* **What you need to do**: Where a line contains "Muebles De Cocina", begin there and restate word for word every line to the end of the entries below, pictures excluded.

* **Data extract**:
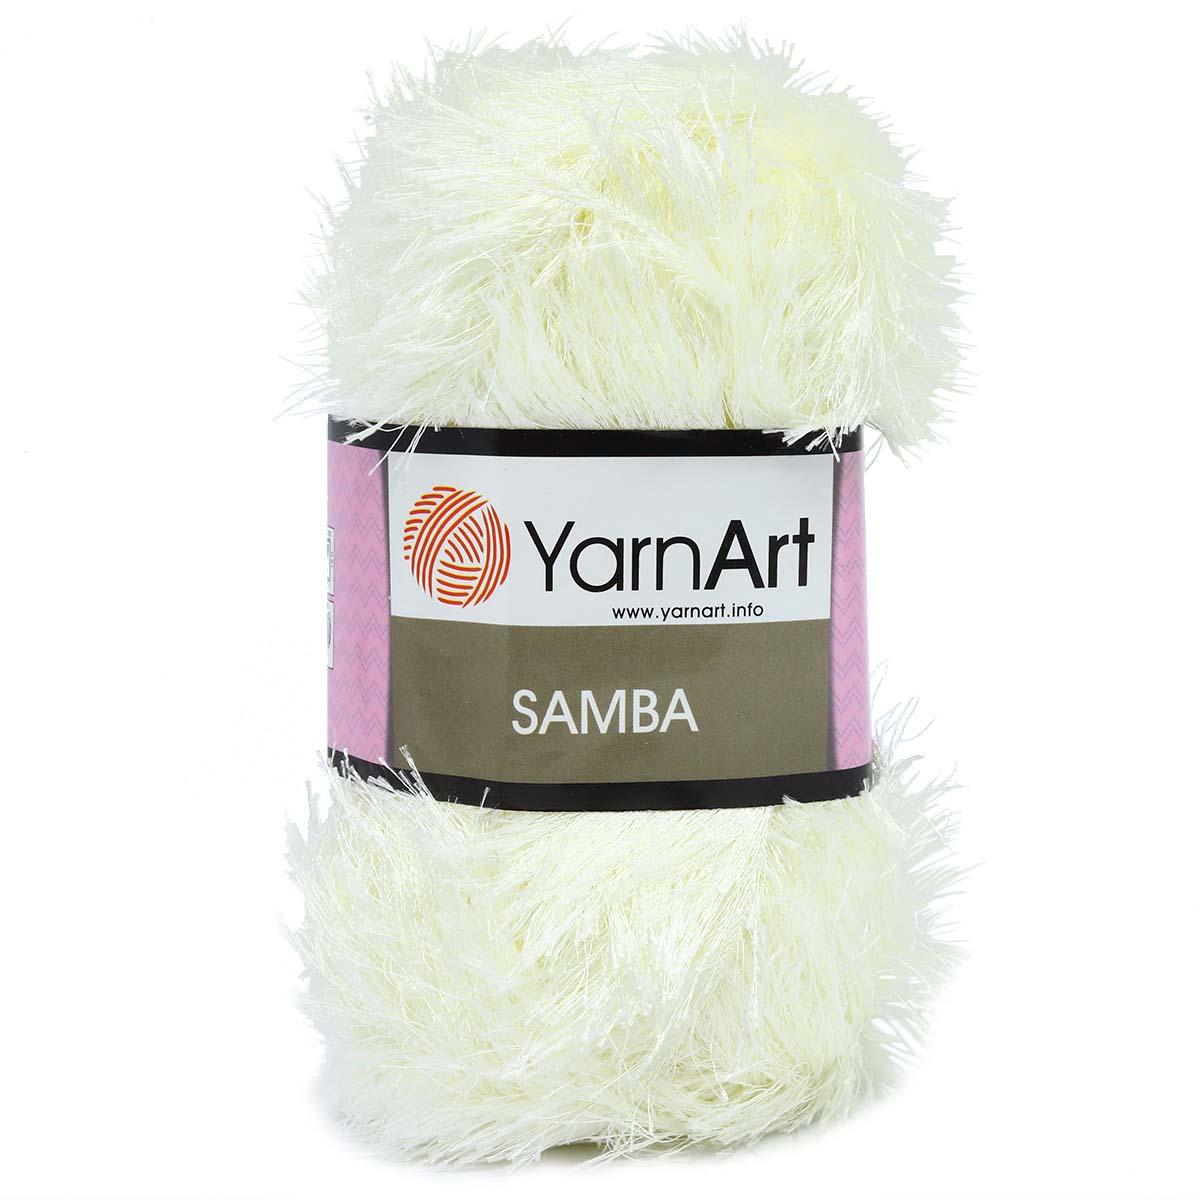 Пряжа YarnArt 'Samba' травка 100гр 150м (100% полиэстер)
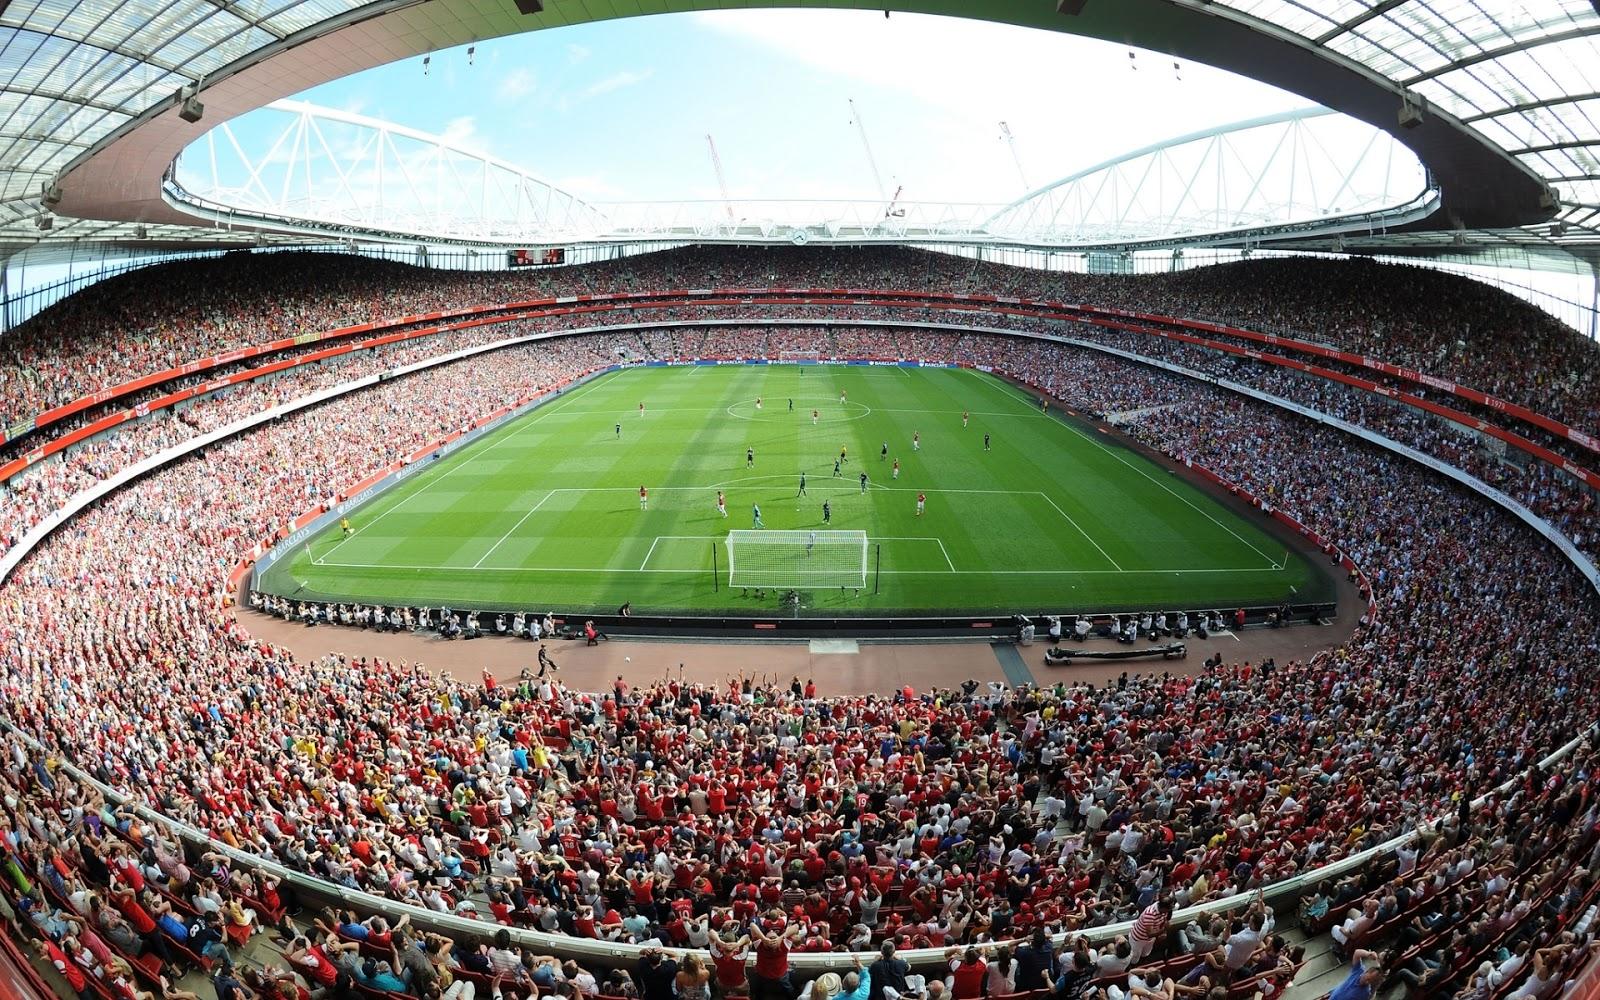 Wallpapers Hd For Mac: Emirates Stadium Wallpaper
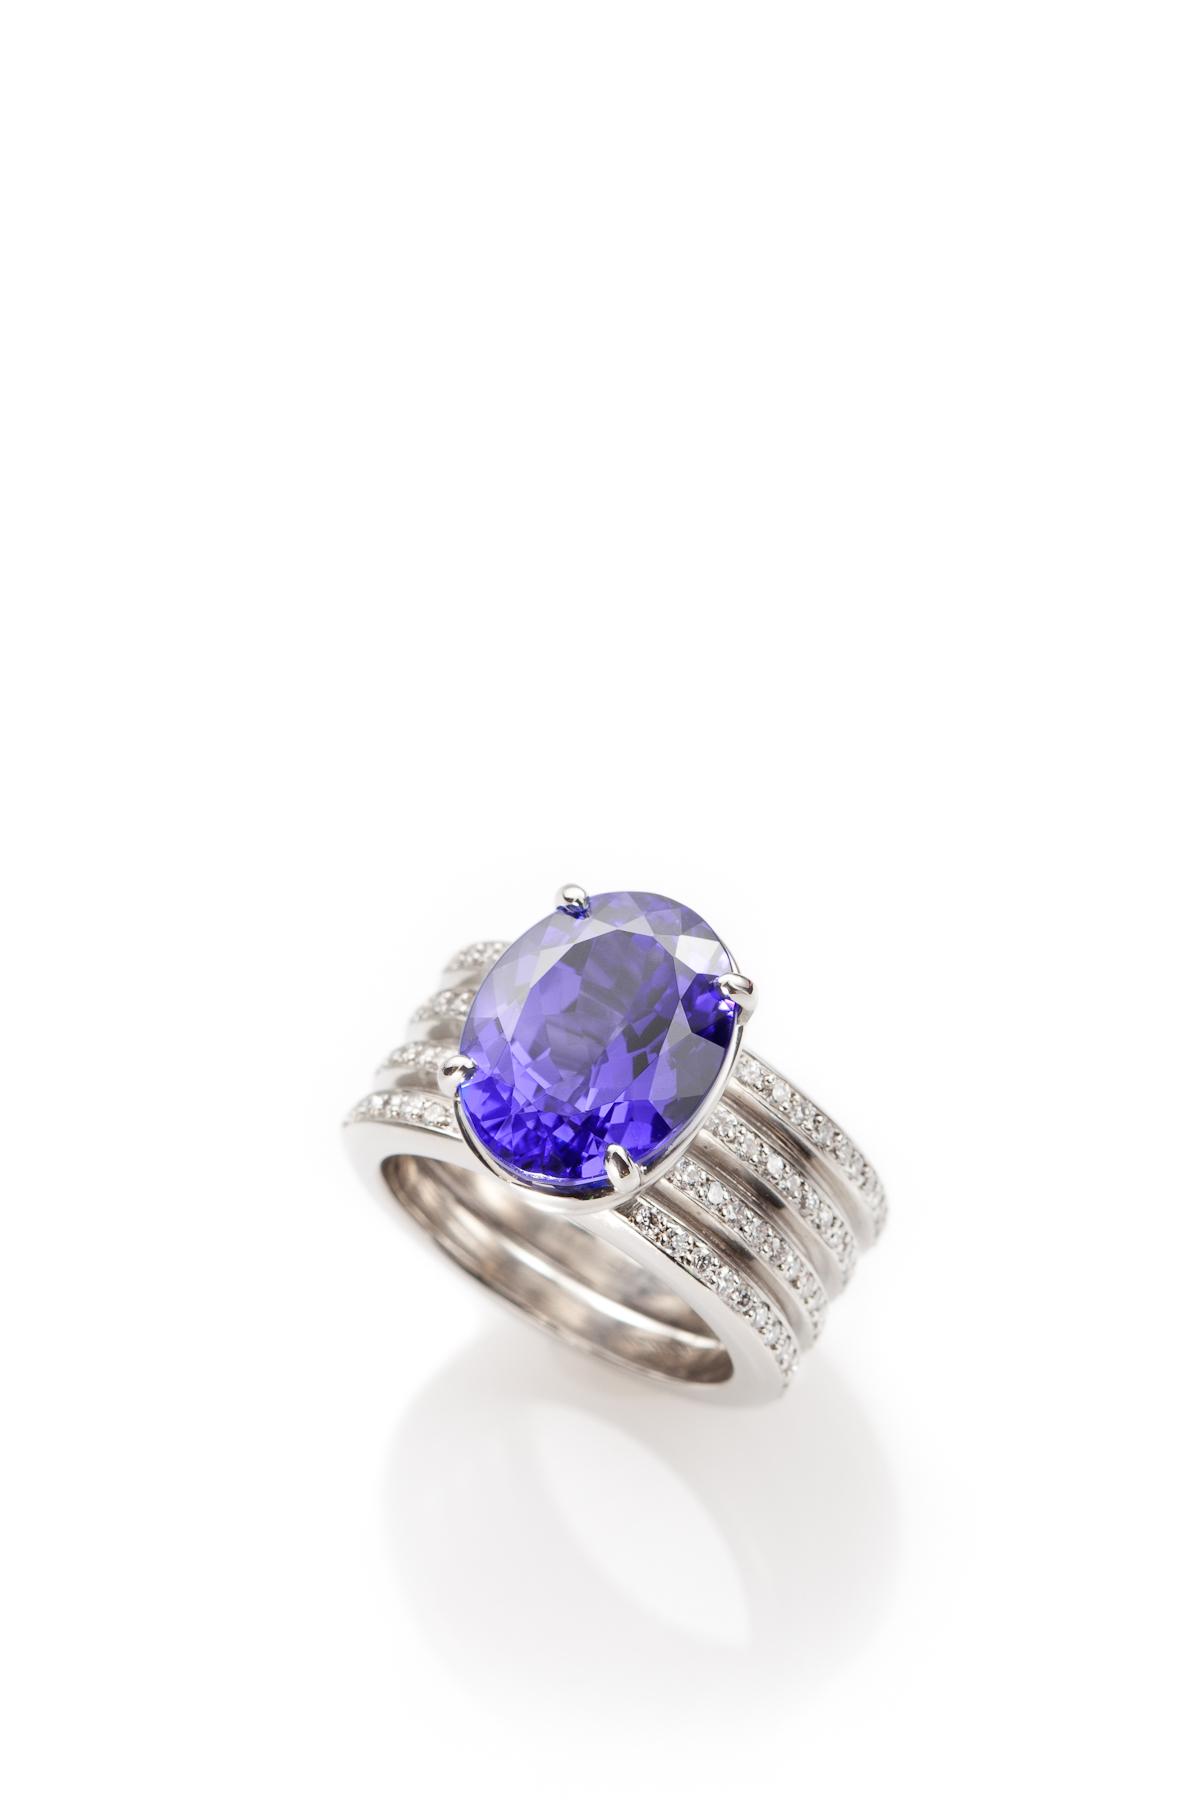 Tanzanite Ring in Platinum with Diamonds
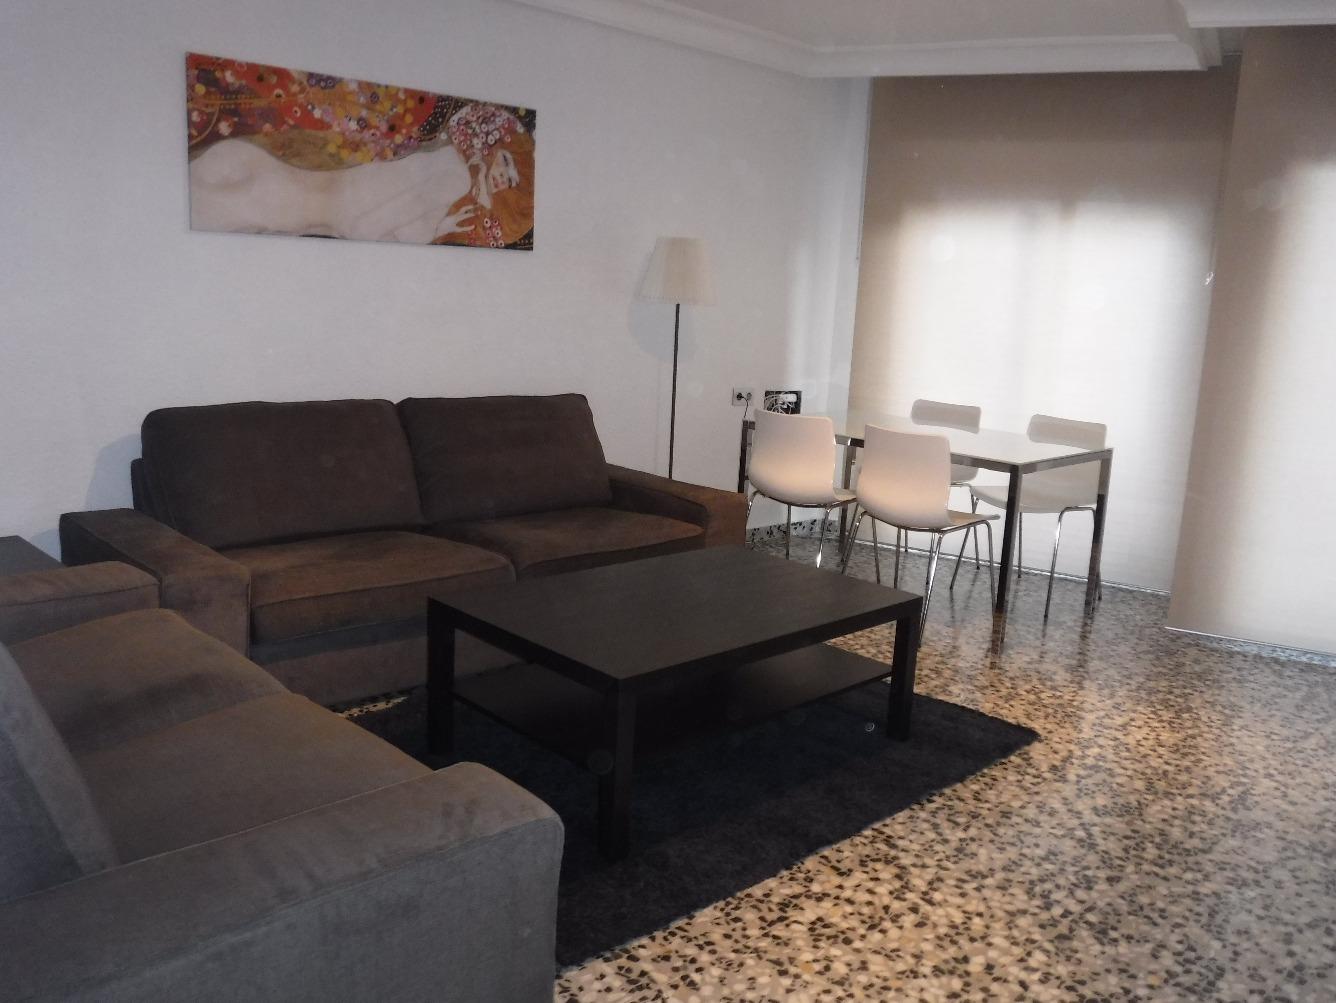 Muebles De Cocina Segunda Mano Baratos Murcia Ocinel Com # Muebles Murcia Baratos
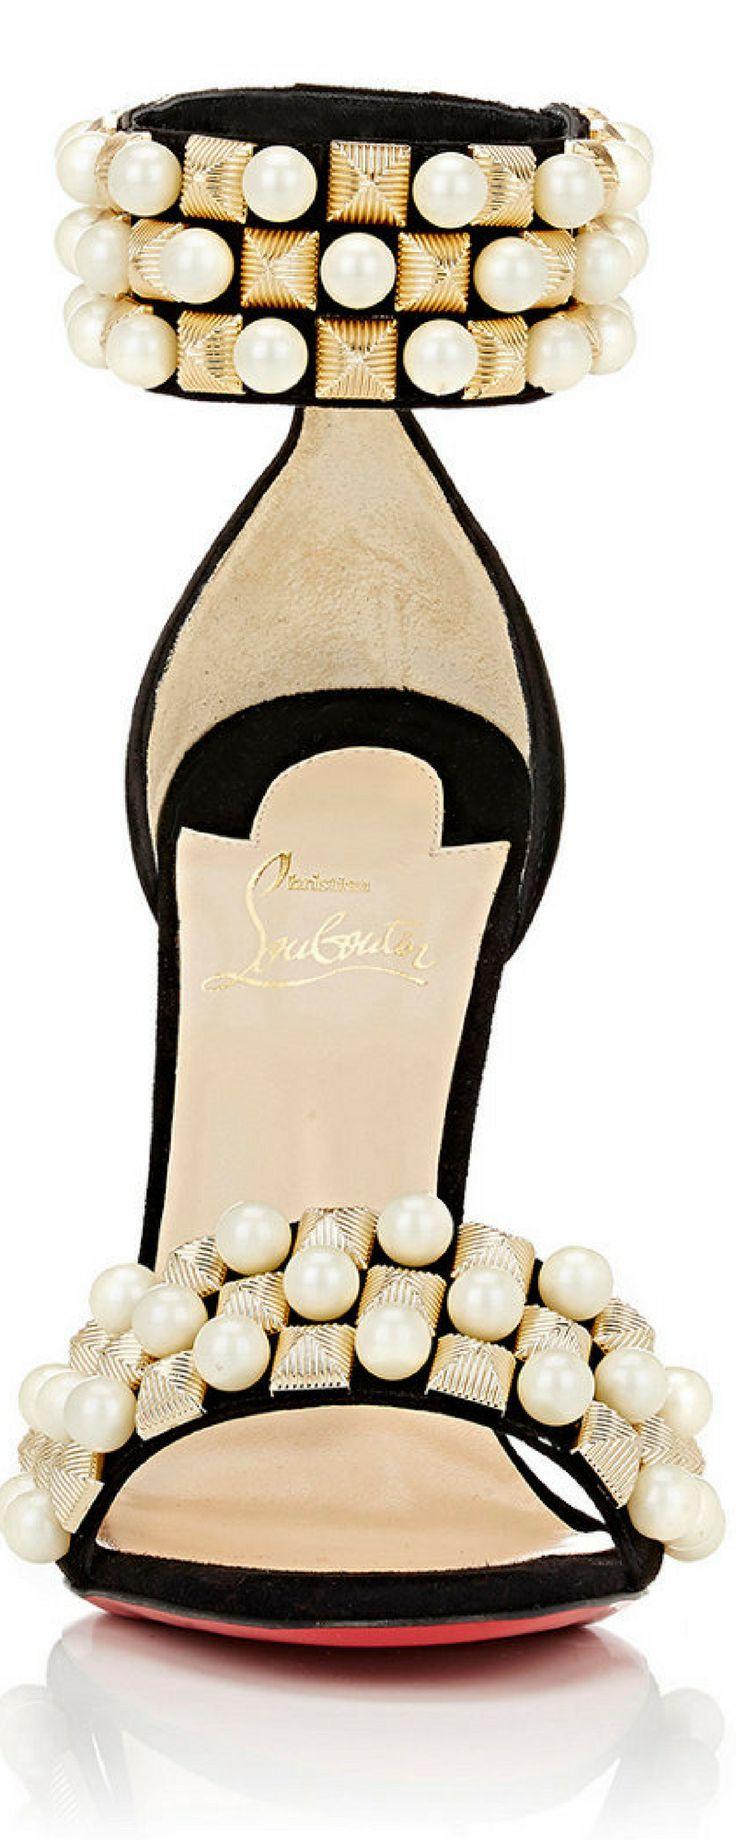 CHRISTIAN LOUBOUTIN Tudor Bal Sandals (affiliate)
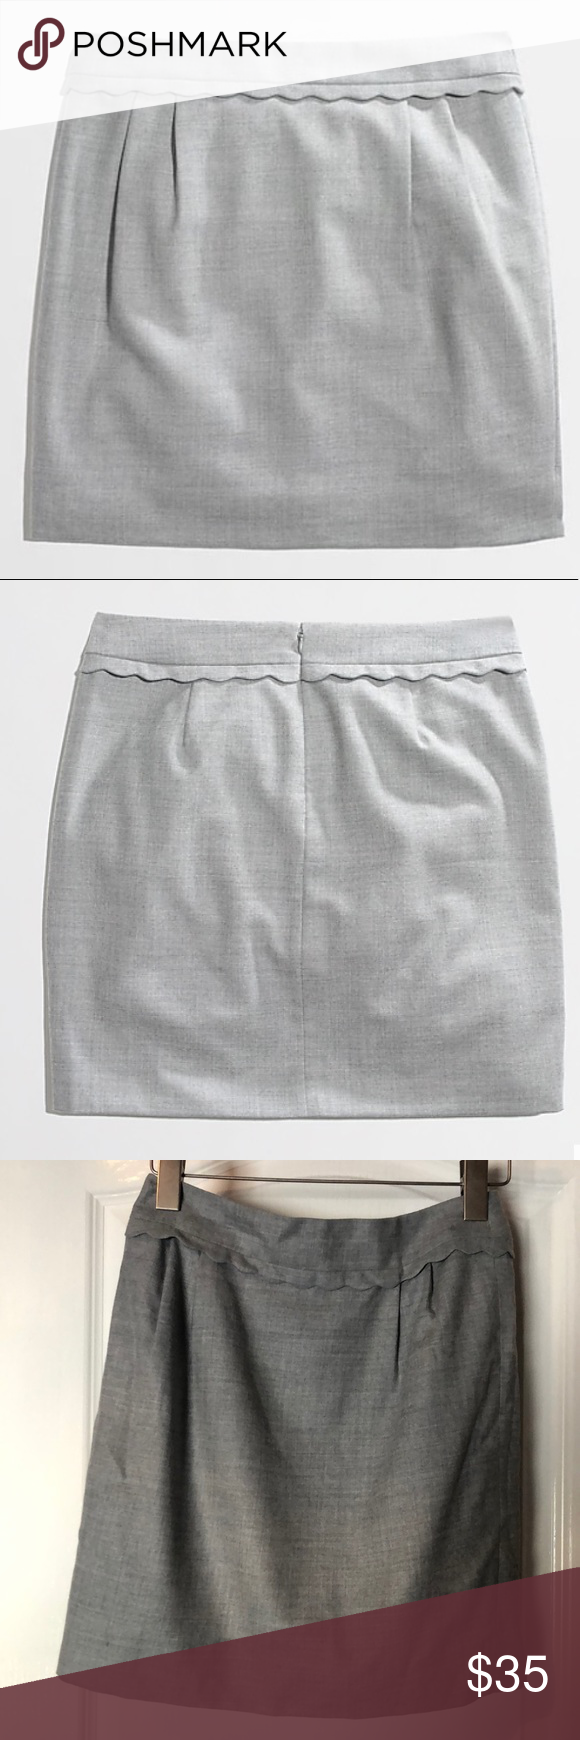 fffdc43478 Light Grey Wool Mini Skirt

* **Answer**:
 Muebles De Cocina Segunda Mano Baratos Murcia Ocinel Com # Muebles Murcia Baratos
 CHRISTIAN LOUBOUTIN Tudor Bal Sandals (affiliate)
 fffdc43478 Light Grey Wool Mini Skirt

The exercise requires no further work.